RALEIGH (MCT) — Work is starting on a project to open up the Triangle's worst rush-hour bottleneck — Interstate 40 in West Raleigh — and to remove the often-confusing "Inner" and "Outer" Beltline signs.
I-40, which is four lanes wide between Wade Avenue and U.S. 1/64 in Cary, will get 50 percent fatter as two new lanes are carved out of the wide, grassy median. Most construction will take place at night, and no lanes will be closed during the day.
Extra work to be performed at the same time will prepare the way for the six-lane freeway's inevitable expansion, years from now, to eight lanes. The N.C. Department of Transportation says it doesn't have enough money for the full eight-lane treatment now.
Meanwhile, Raleigh's Beltline will lose all signs that mark the clockwise lanes as "Inner" and the counterclockwise lanes as "Outer." In fact, all signs referring to the "Beltline" itself will go away, too.

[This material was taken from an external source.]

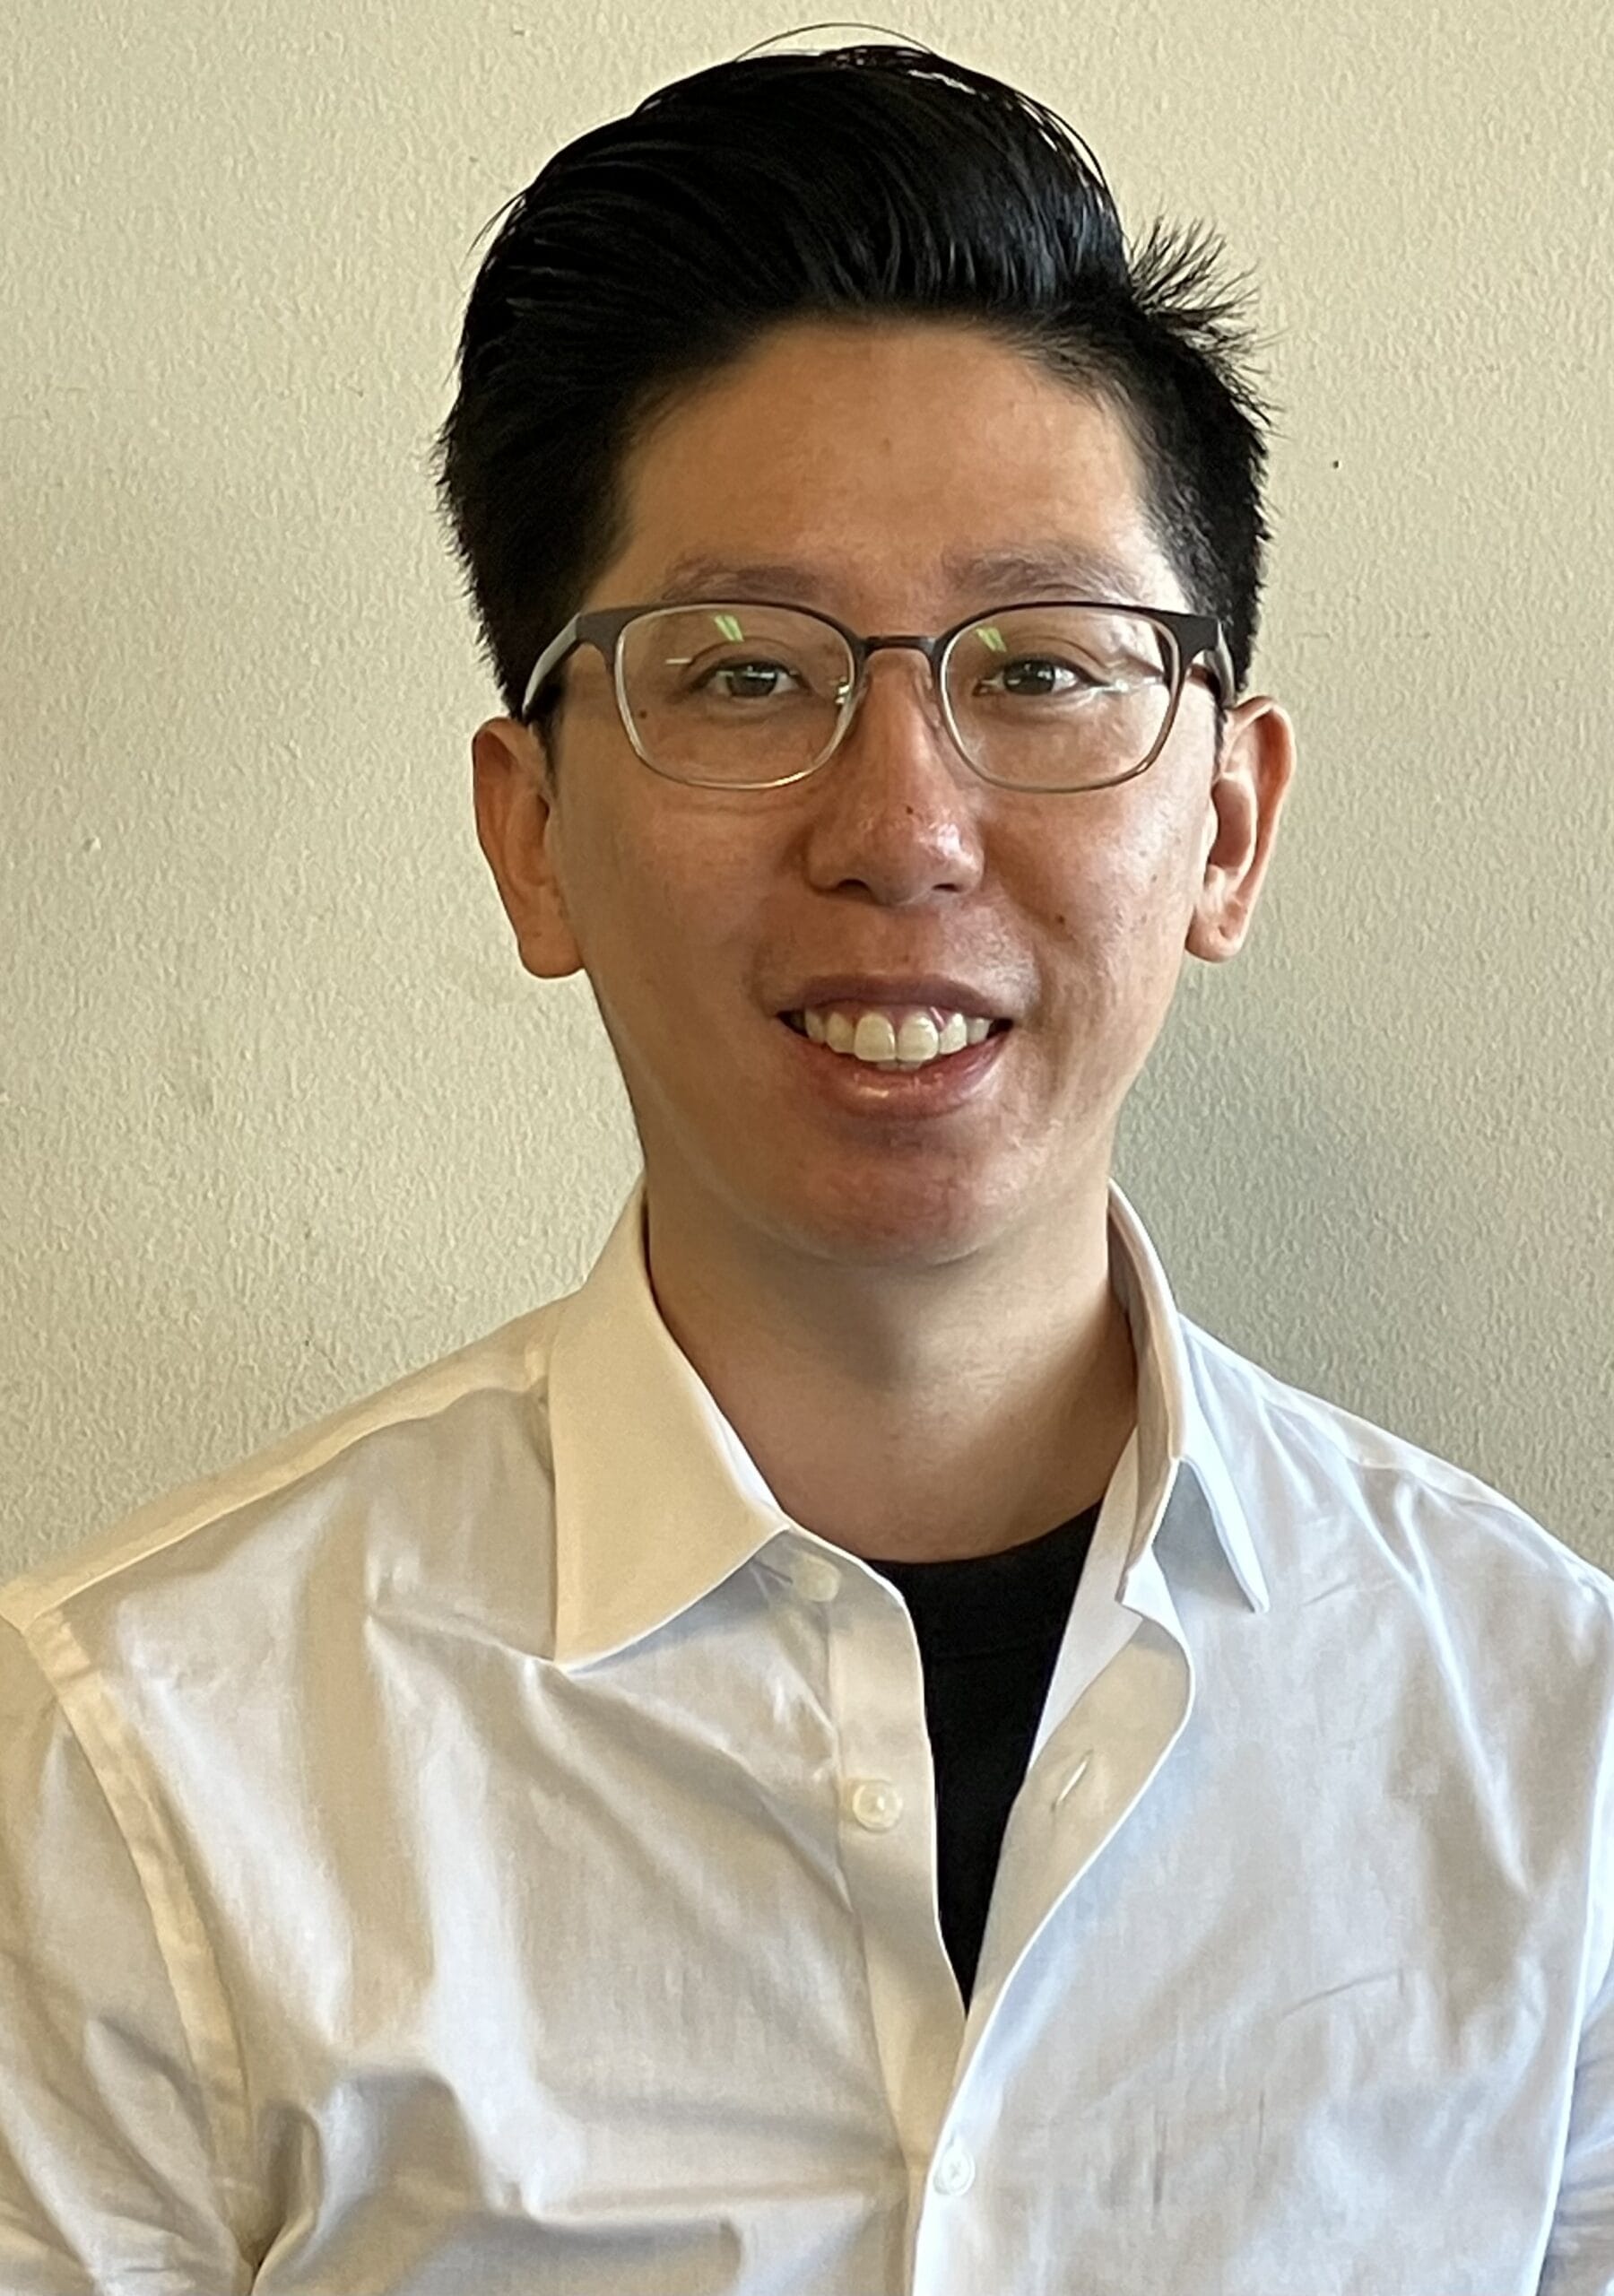 Samson Lin, program supervisor at The San Francisco Senior Center (SFSC) opened in Aquatic Park

Instead, the state DOT will divide our no-name circuit into two pieces, each to be identified by an interstate number:
I-40 is often clogged at rush hour as it carries 140,000 cars and trucks around West Raleigh each day. Commuters will notice some daytime work on the roadside and in the median, but lane closings will be allowed only after 9 p.m.

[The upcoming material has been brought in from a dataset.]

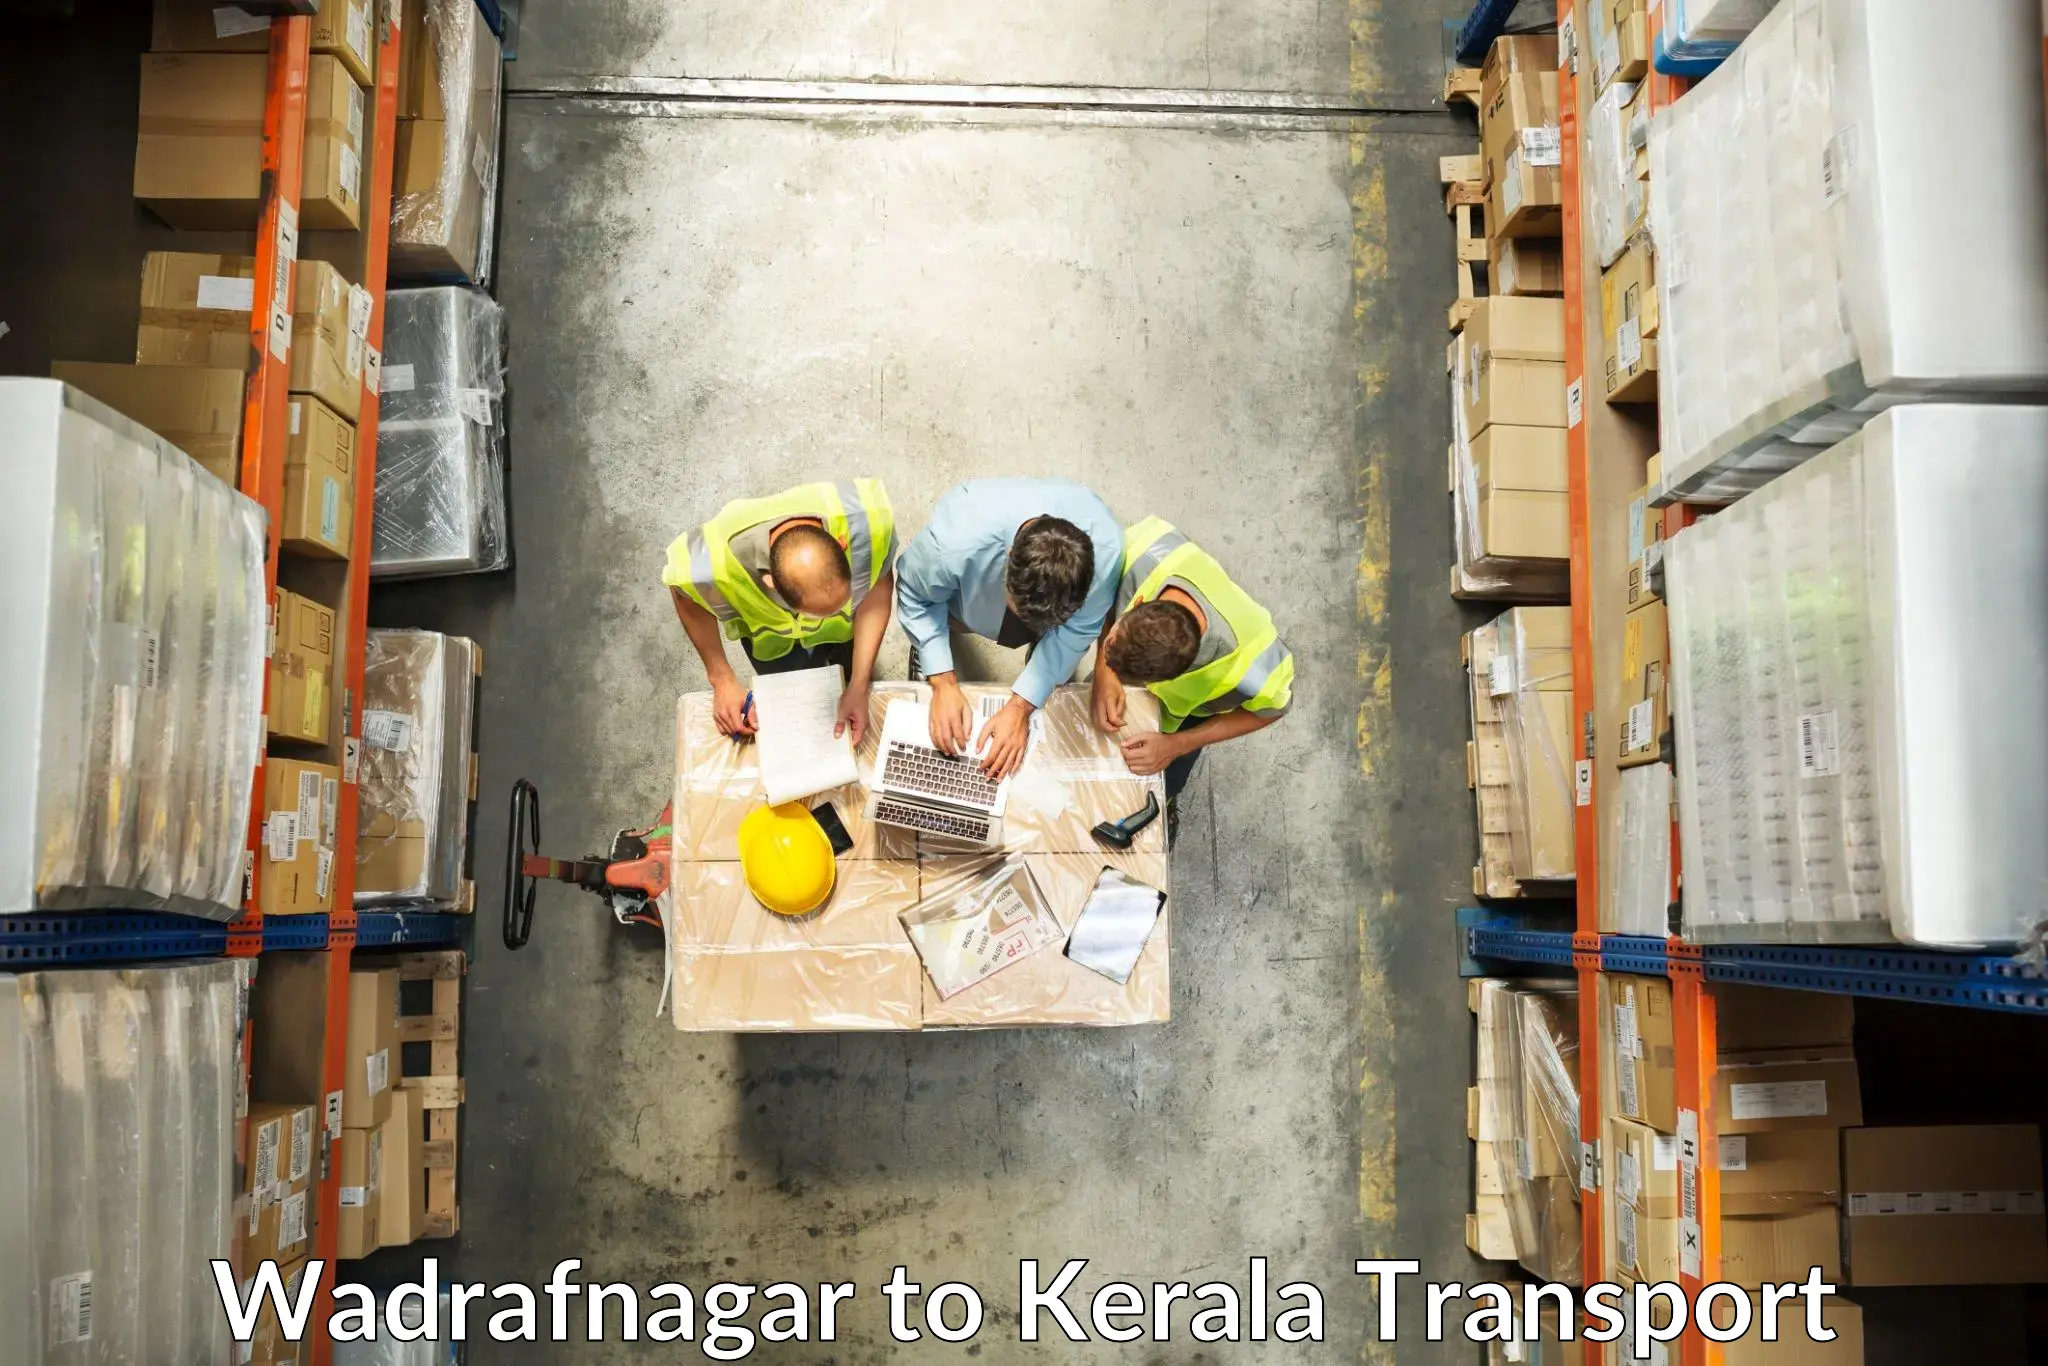 Lorry transport service Wadrafnagar to Thodupuzha

While expanding I-40 to six lanes, the DOT will add 12-foot shoulders that can be converted to traffic lanes in subsequent years. New bridges will be made wide enough to accommodate future expansion to eight lanes.
David B. Moore, a DOT engineer overseeing construction, said the 23-month project includes improvements that should alleviate confusion for eastbound commuters at the Wade Avenue exit.
Better signs will steer I-40 traffic to the three left lanes. Drivers entering the flow from nearby Harrison Avenue will have the option to head straight for Wade Avenue, without mingling with I-40 traffic.
S.T. Wooten Corp. of Wilson won the $49 million contract in a design-build competition -- but it was not the low bidder. Lane Construction Corp. of Cheshire, Conn., offered to do the work for $47.5 million.
The DOT usually designs a project and hires the low bidder to build it. But when design work is included in the contract, other factors are weighed along with the price.
Wooten overcame Lane's $1.5 million edge with a promise to finish the work nearly five months sooner -- in June 2011 instead of November 2011 -- and a plan to reduce disruptive truck traffic and lane closings.
Most construction will take place on the median. Normally, that would require closing the inner lanes frequently to make way for dump trucks and heavy machines that move slowly in and out of the work space.
Instead, Wooten will use elevated conveyor belts to move rocks and asphalt from the side of the highway to the median, passing over the heads of drivers. The DOT figures this will eliminate the need for about 12,000 truckload trips and more than 200 lane closings.
''Basically, that will make it safer for the driving public, too," Moore said, "because you're not having to stop or slow down for all those dump trucks."